Madison wraps up the episode by highlighting the Lyons' heartfelt message: "Do not settle. Do not compromise. There is always hope." She encourages listeners to seek support, engage in honest conversations, and embrace the spiritual foundation that can transform their marriages.
Rebecca and Gabe express gratitude for being part of the podcast, reiterating their commitment to help other couples through their experiences and their new book, The Fight for Us. They urge listeners to embrace vulnerability, foster deep connections, and rely on faith to navigate the complexities of marriage.
Final Notable Quote:
[77:11] Grant praises, “Thanks for setting the tone and the bar. I know it's not easy,” reflecting the profound impact Gabe and Rebecca have had on their friends' marriages and communities.
Rebecca Lyons [01:05]: “If you don't cultivate your interests together as a couple beyond launching kids, then you'll look at each other once they've left home and you're like, I don't know what we have.”
Gabe Lyons [06:48]: “Marriage was all about that first six months. I bet. Like, I'm selfish.”
Rebecca Lyons [15:05]: “If physical illness would not be an excuse to leave, why would mental struggle be an excuse to leave?”
Gabe Lyons [25:34]: “Any thoughts we've had about somebody else, fantasies, we talk about it. And that didn't start early, but we've learned how to do that.”
Rebecca Lyons [38:01]: “I'm not leaving the room. We will work through it, and we will take as long as it needs, and we will get all the help and support we need.”
Gabe Lyons [54:02]: “How does a spouse respond?

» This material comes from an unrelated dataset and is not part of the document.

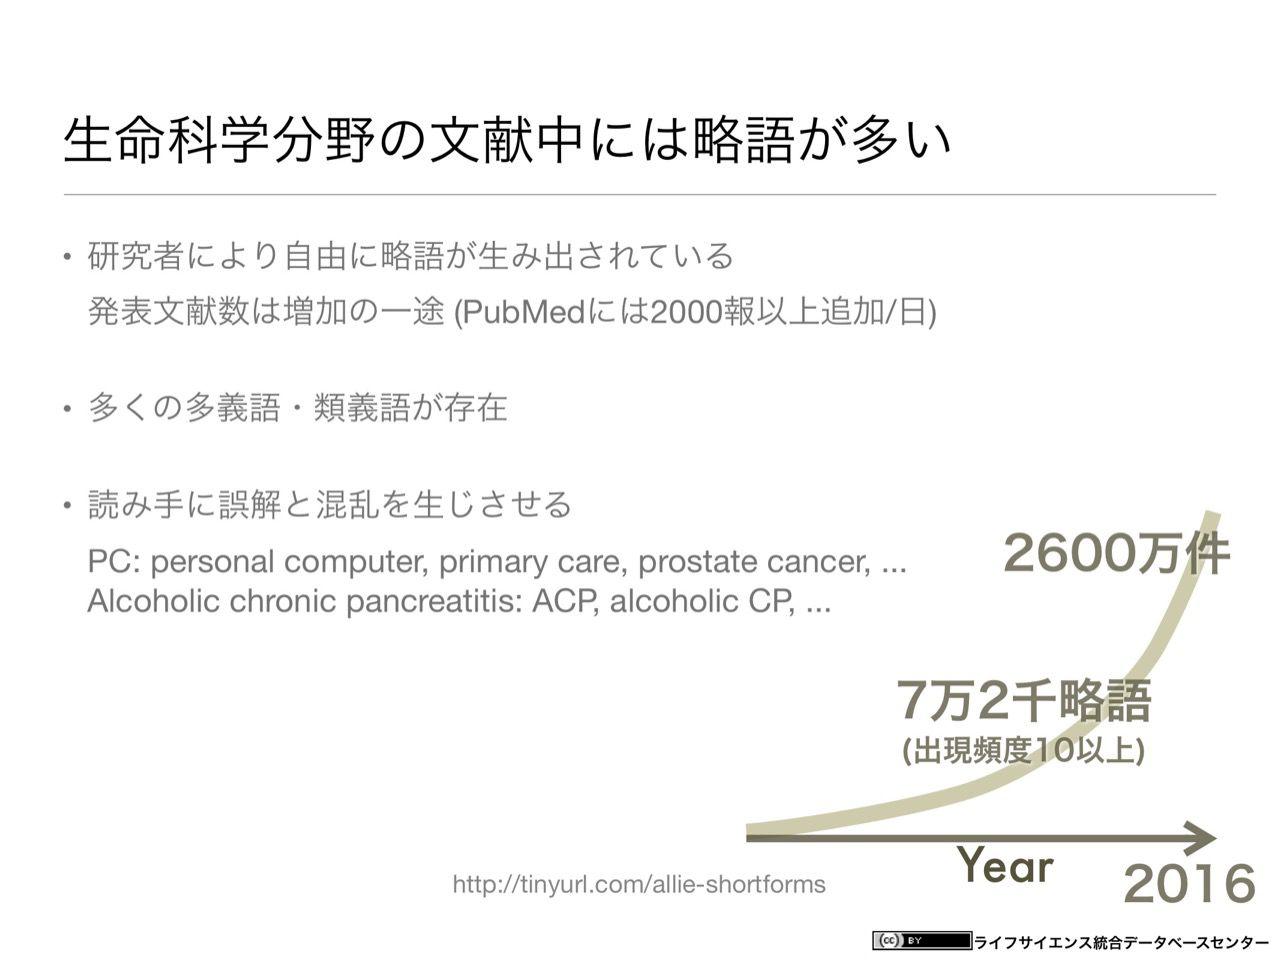 images/AJACS60_yamamoto_036.jpg

When their spouse is acknowledging something that is going to be hurtful… we had many nights, you know, where I could stay awake… having these conversations in bed about something hard.”
This episode serves as a beacon of hope and guidance for couples navigating the complexities of marriage. Gabe and Rebecca Lyons offer a testament to the power of faith, intentionality, and unwavering commitment in overcoming marital challenges. Their insights and practical advice provide a roadmap for building a resilient and spiritually grounded marriage.